• **GIVEN DATA**:
┄┄┄┄┄┄┄┄┄┄
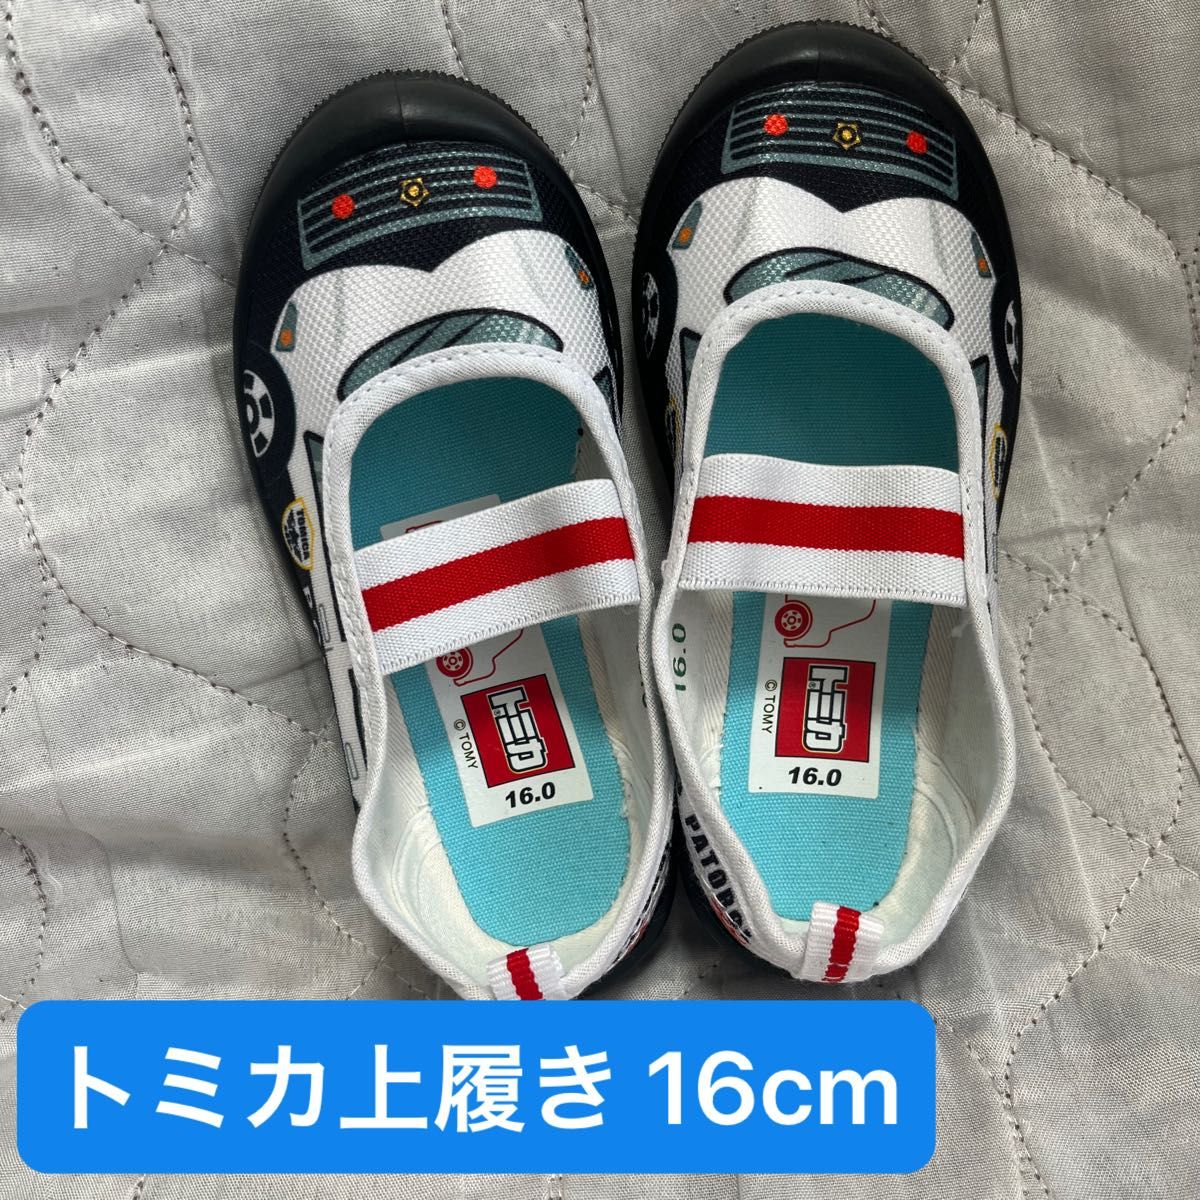 [トミカシリーズ]上履き 靴 TOMIKA トミカ タカラトミー パトカー パトロールカー 可愛い上履き 16cm
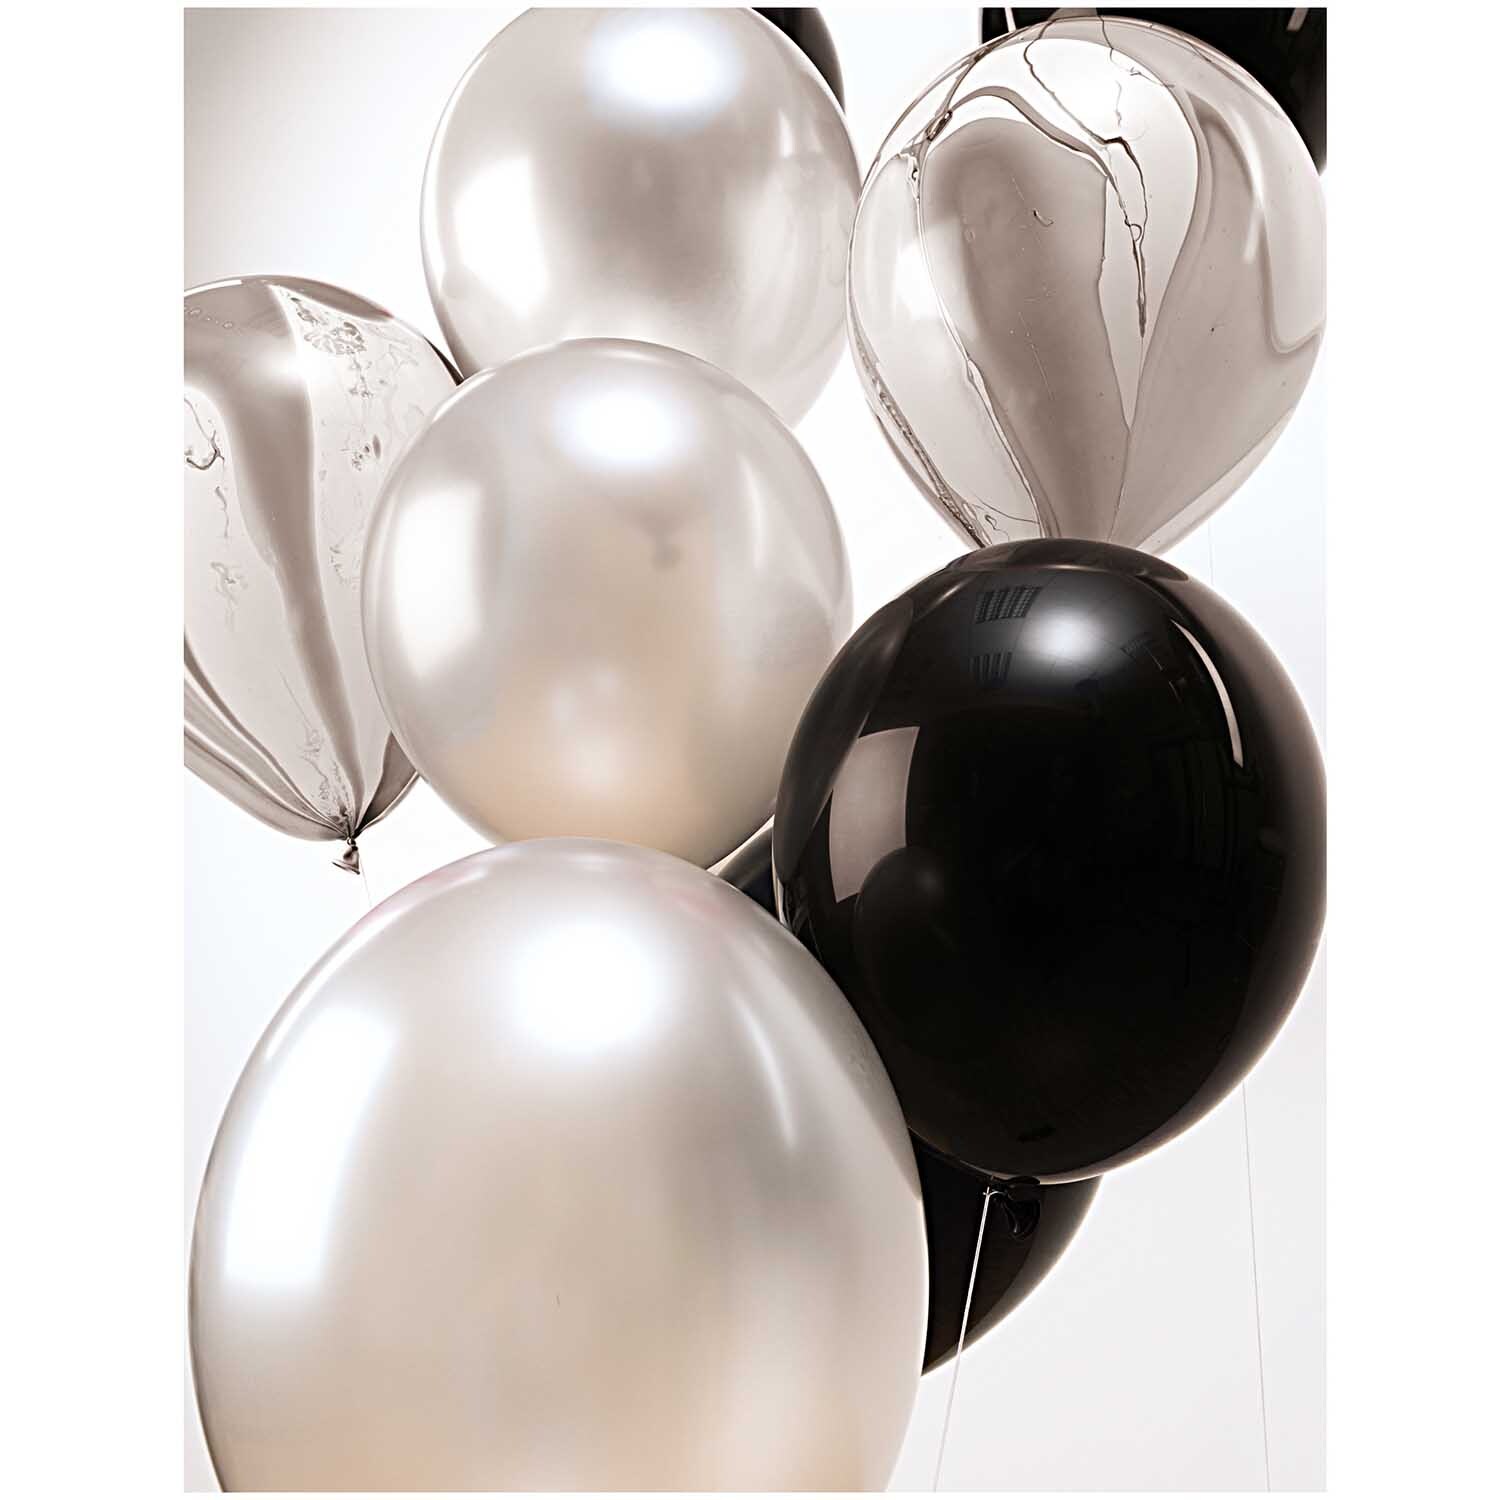 Luftballon Mix schwarz-weiß 30cm 12 Stück
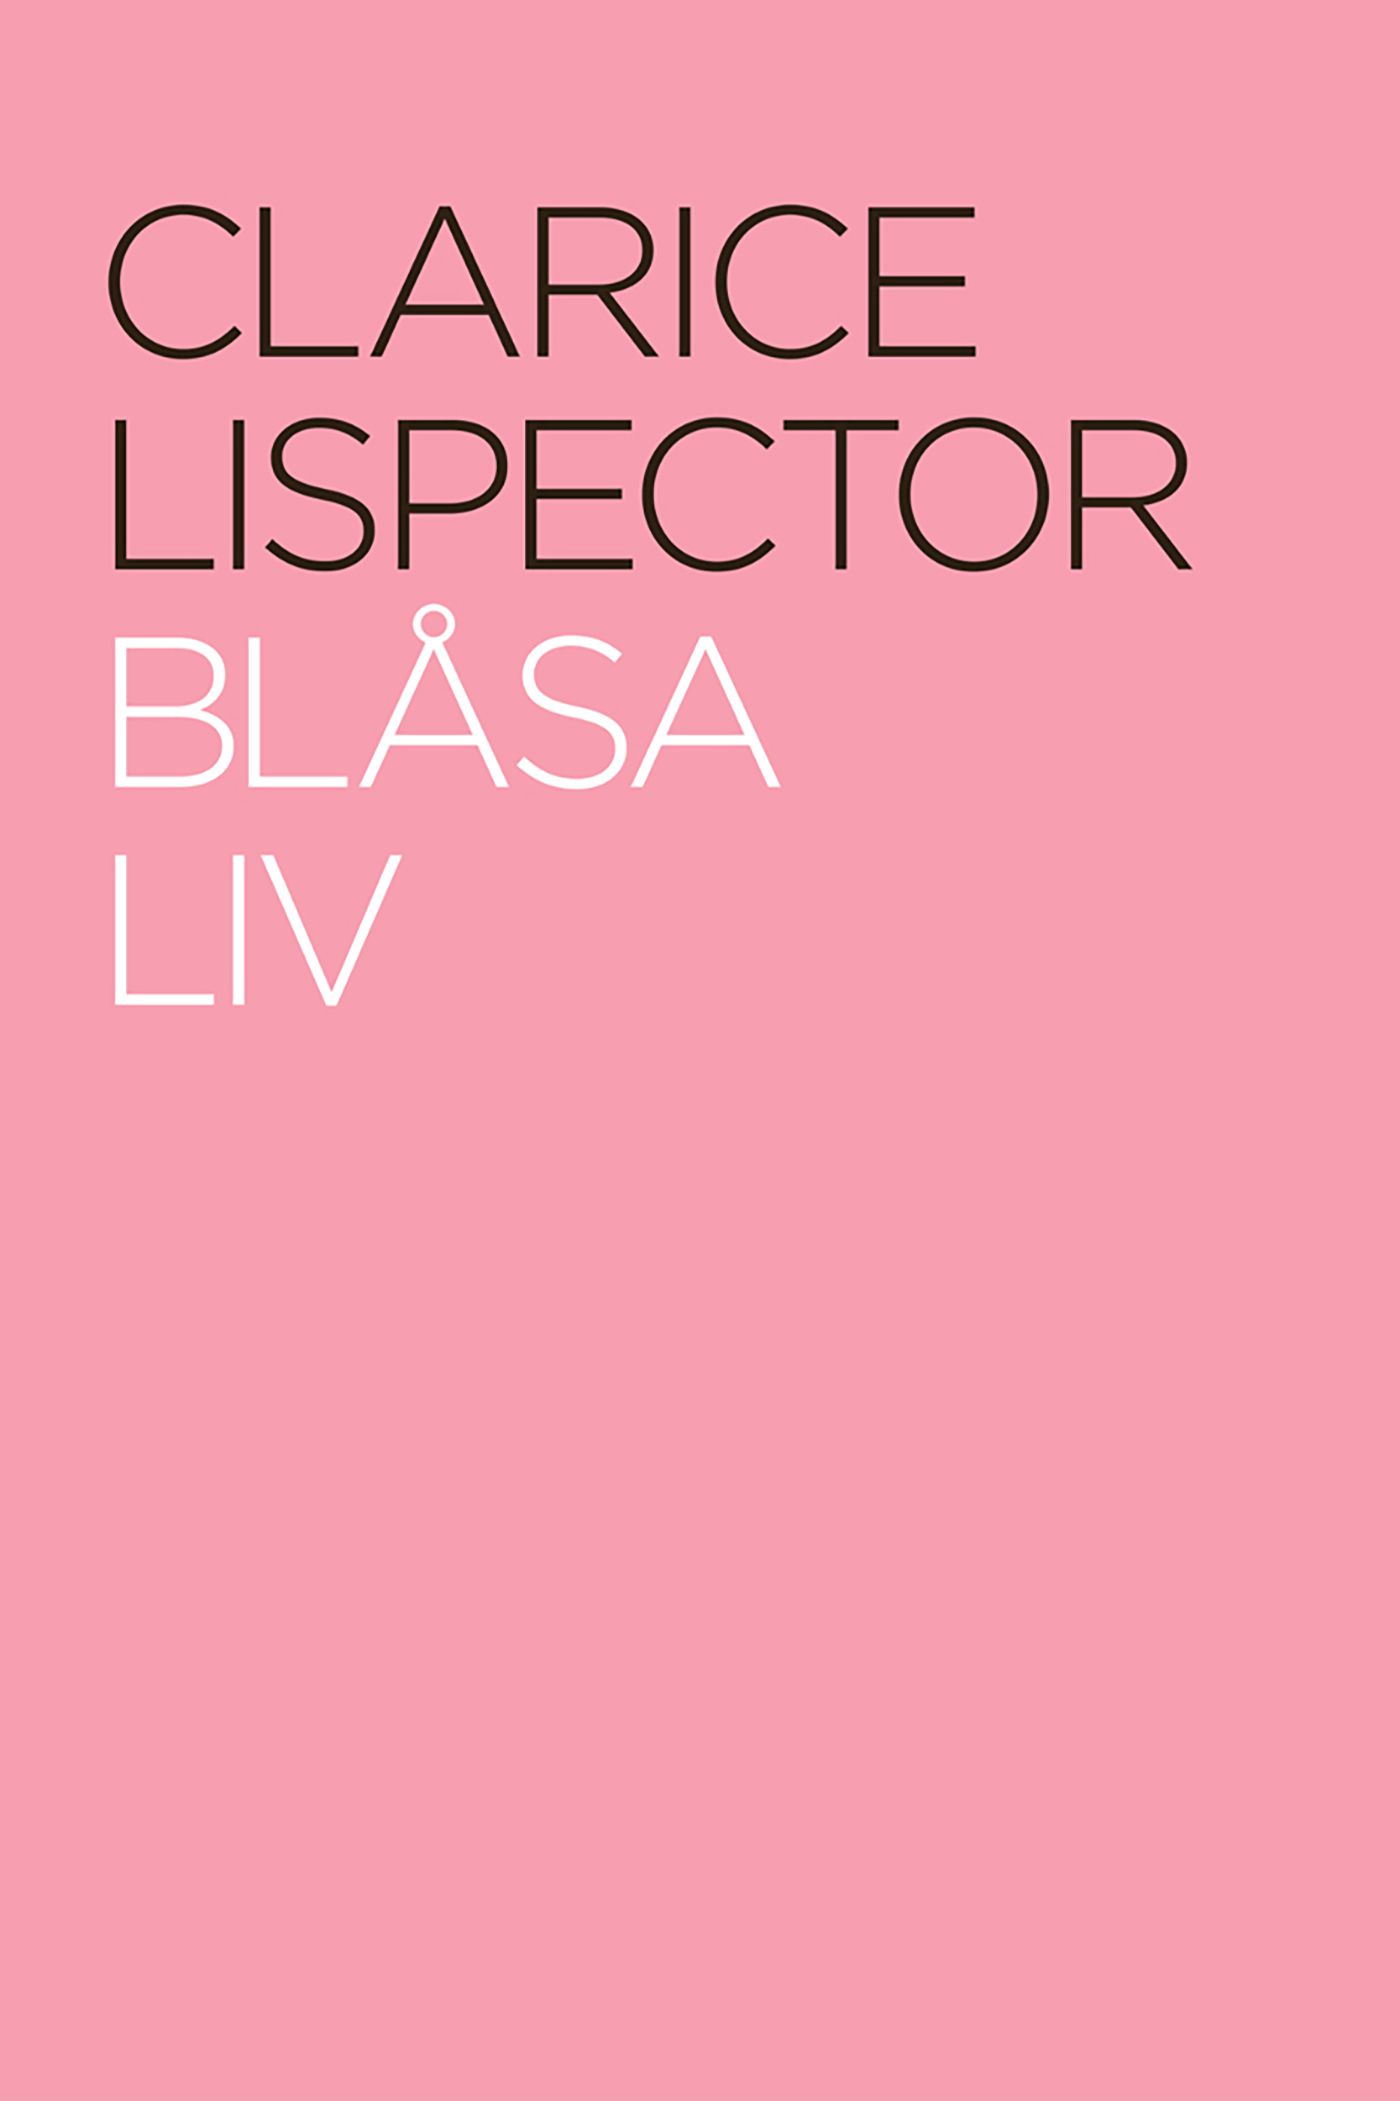 Blåsa liv, eBook by Clarice Lispector
┄┄┄┄┄┄┄┄┄┄
• **DESCRIPTION OF THE TASK**: Line by line, write out the material above exactly, with no images.

• **COMPLETED EXERCISE**:
 [トミカシリーズ]上履き 靴 TOMIKA トミカ タカラトミー パトカー パトロールカー 可愛い上履き 16cm
 Luftballon Mix schwarz-weiß 30cm 12 Stück
 Blåsa liv, eBook by Clarice Lispector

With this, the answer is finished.